Raw data >>
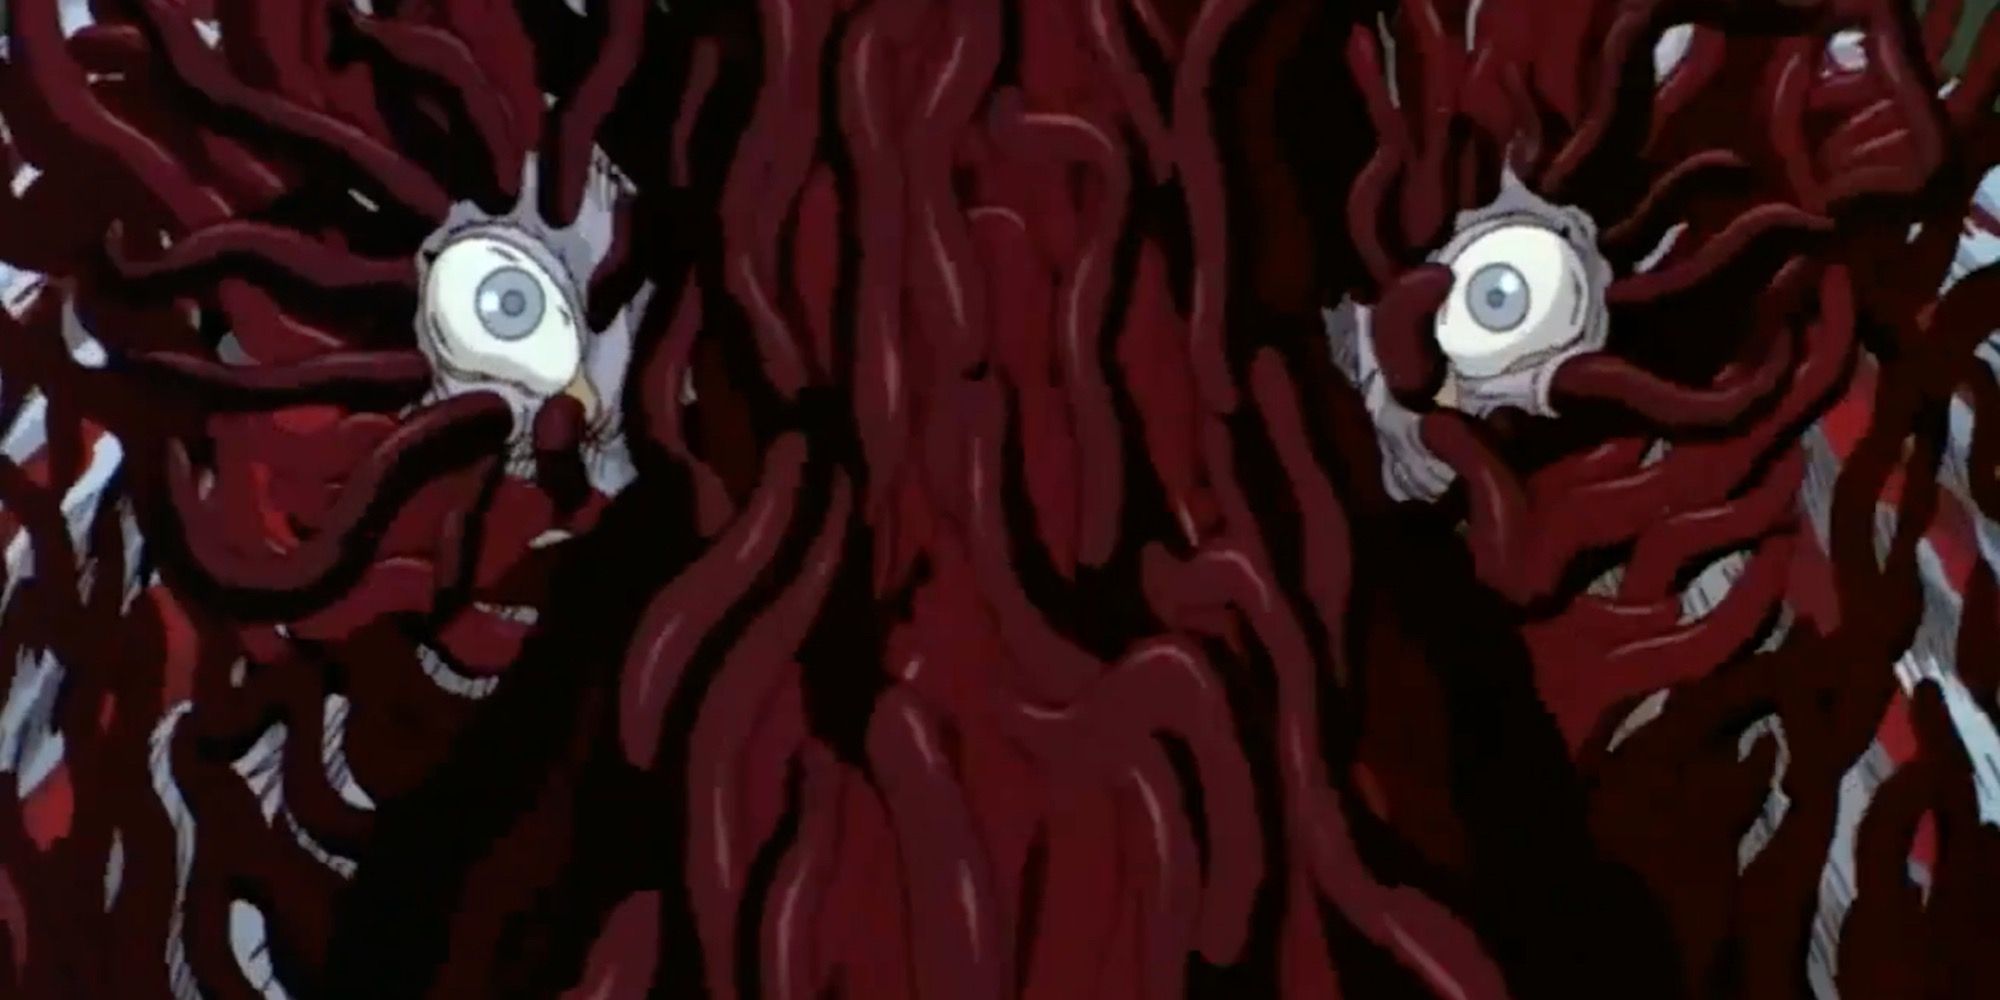 Okkoto covered in tentacles in Princess Mononoke
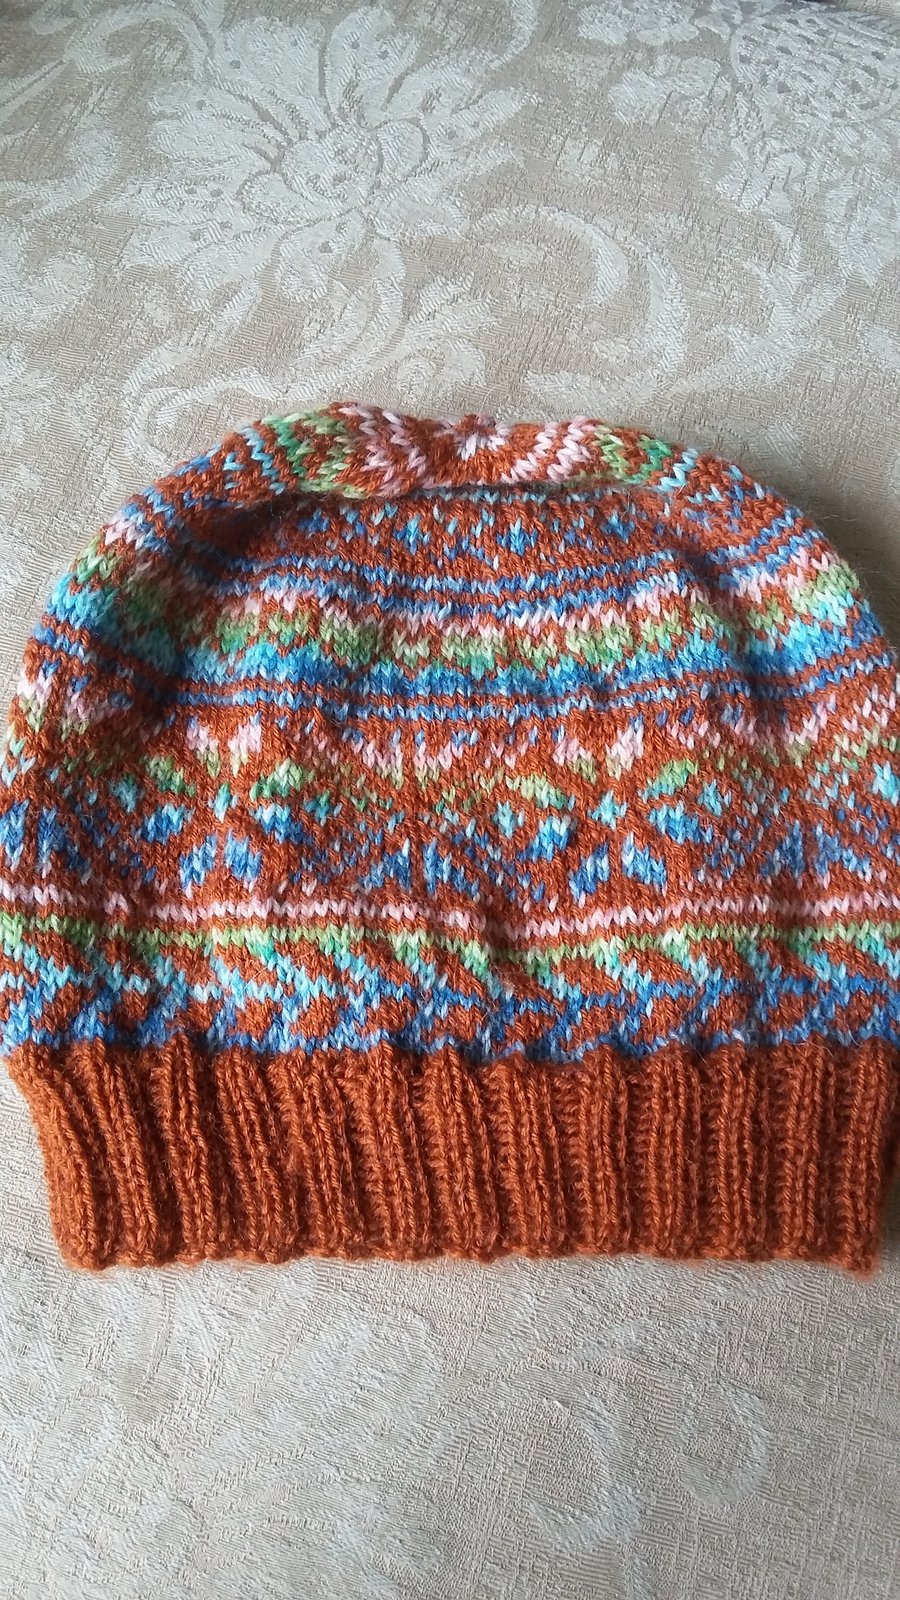 Hand knitted fair isle hat
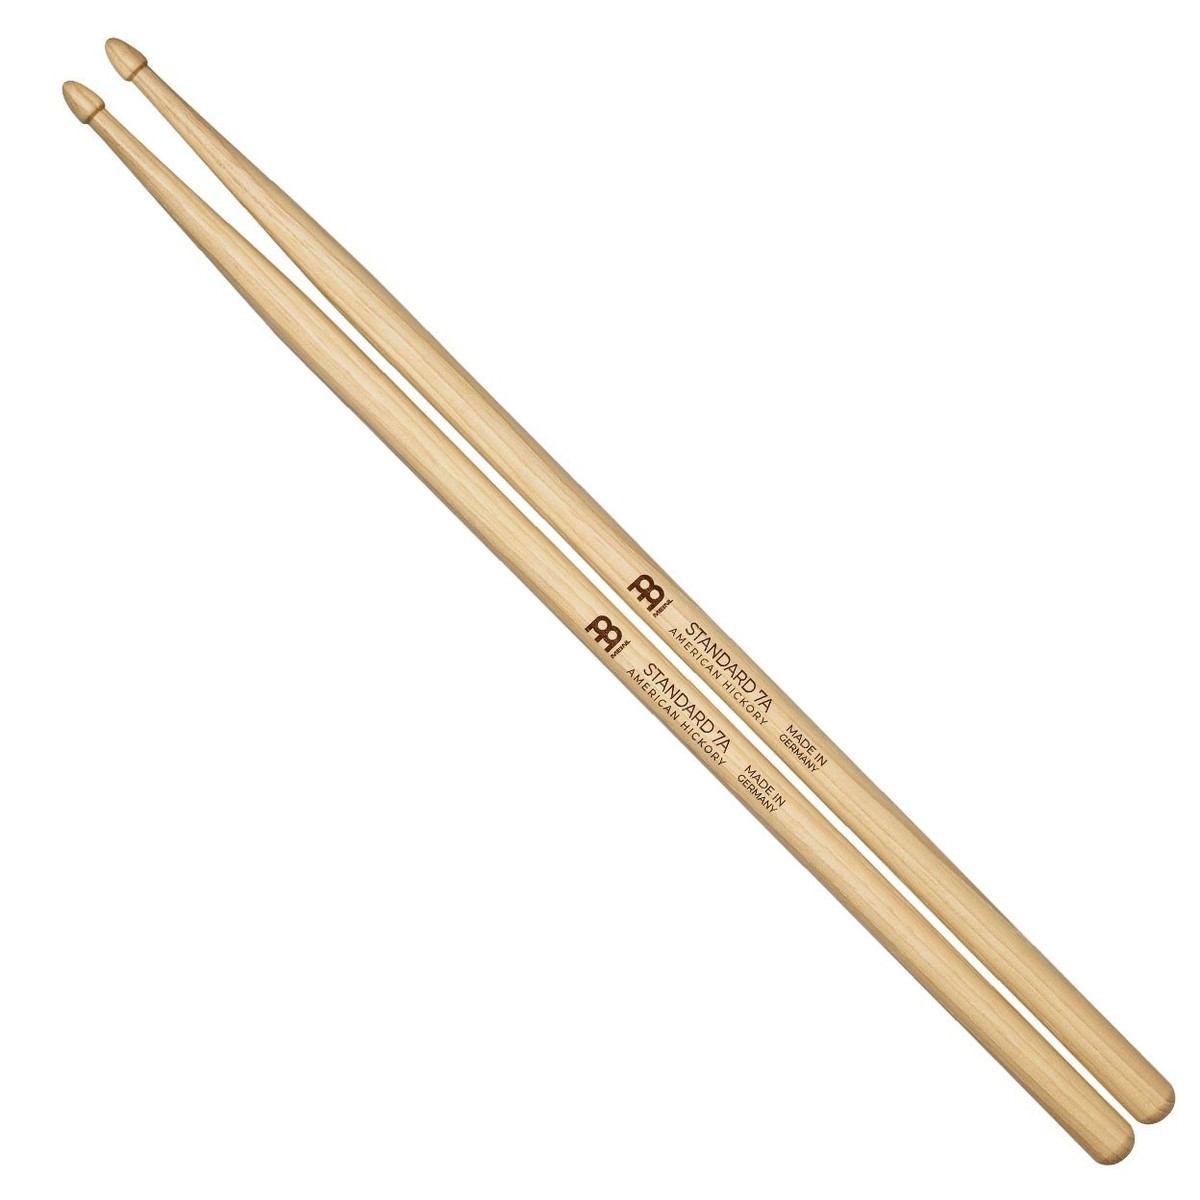 Meinl Standard Long 7A Wood Tip Hickory Drumsticks

Exercise description >>
Would you copy each line above exactly as given, dropping any images?

Answer to this exercise >>
 Okkoto covered in tentacles in Princess Mononoke
 Hand knitted fair isle hat
 Meinl Standard Long 7A Wood Tip Hickory Drumsticks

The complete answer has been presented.